There’s an interesting inaccuracy in that documentation: Musk can’t own more than 14.9% of Twitter shares while he’s a board director and for 90 days thereafter, in what Pritchard calls a “freeze.” He calls it a “quid pro quo” that helps keep the company from being taken over. “The current management thinks they are doing a great job and would rather not be fired. They bought some protection from this at the price of giving him a seat on the board of directors,” Pritchard says. It wouldn’t be that expensive in most cases, but Musk isn’t like most people. “Elon Musk comes with his headaches,” Pritchard says. “I believe they thought long and hard about it.”

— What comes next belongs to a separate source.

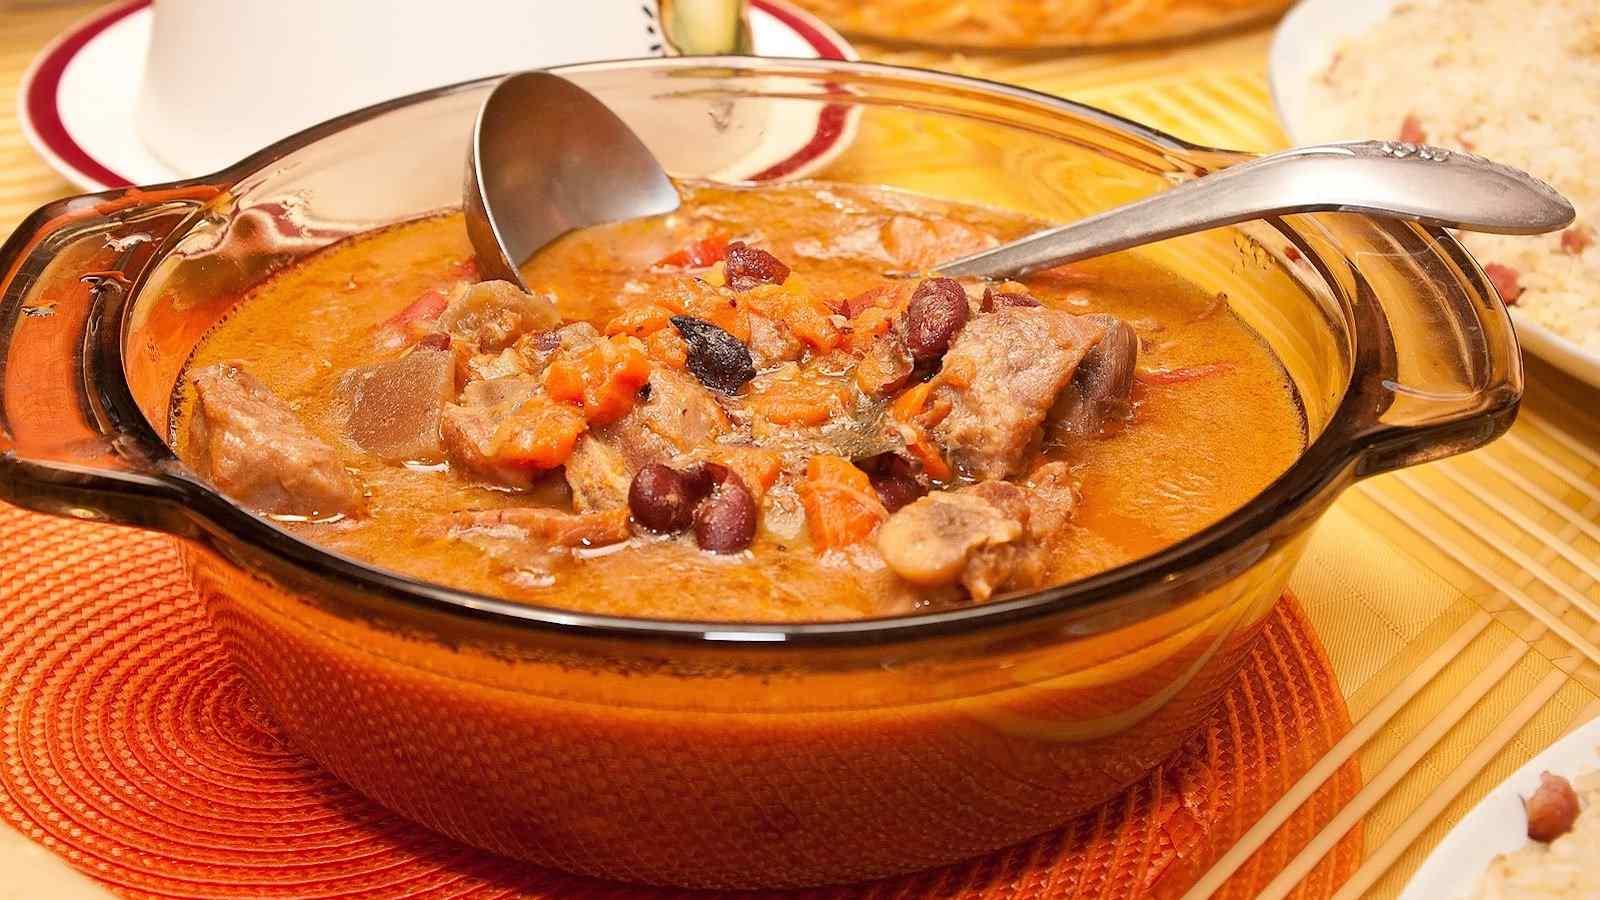 Kaldereta é um guisado rico de carne de cabra das Filipinas, mas outra carne pode ser usada em vez de cabra

Another theory deserves no less weight: Musk is doing this for the lulz. “I think people attribute too many plans to him,” says Dash. Instead, Dash believes Musk is playing with attention, which could have long-term consequences. “At the highest level, being a board member is a job,” he says. “Responsibility of work is corporate governance. Musk is clearly bad at this, as evidenced by his highly dysfunctional and irresponsible advice.” Past anguish with Tesla’s reign has been detailed from 2018and Musk recently sued Tesla shareholder for allegedly making superprofits.

Buying Twitter shares, like many of Musk’s actions, could be an incredibly expensive way for him to keep his name in the spotlight, says Carey Cooper, professor of business at the Manchester Business School. “He loves the media,” says Cooper. “He is an entrepreneur, he is unusual, he is a character. And Twitter is a communication tool.”

Others believe the deal makes sense and could end up being beneficial rather than detrimental to the platform. “It’s very interesting to have a Twitter superuser on the board,” Zehavi says. Musk is the master of Twitter. He knows how to work Twitter in such a way that even Jack [Dorsey] did not.” Zehavi does see the move from a supposedly passive investor, according to SEC filings, to active participation on Twitter’s board of directors as an opportunity for Musk to poke his nose at the regulator. “Like any opportunity to mock the SEC, Elon will take it,” she says. And that, she argues, raises more serious concerns about Musk’s actions. “The fact that someone can use so much power without any real consequences is strange.”

What happens next with Twitter depends largely on the whims of the person who long had a reputation as a man high peculiar. But one thing is certain: the whole process goes against SEC regulations. “Most people work hard to get along and stay out of trouble,” Pritchard says. Musk, he argues, not so much. “I would say it is the other way around. His attitude towards the SEC can be described as dismissive.”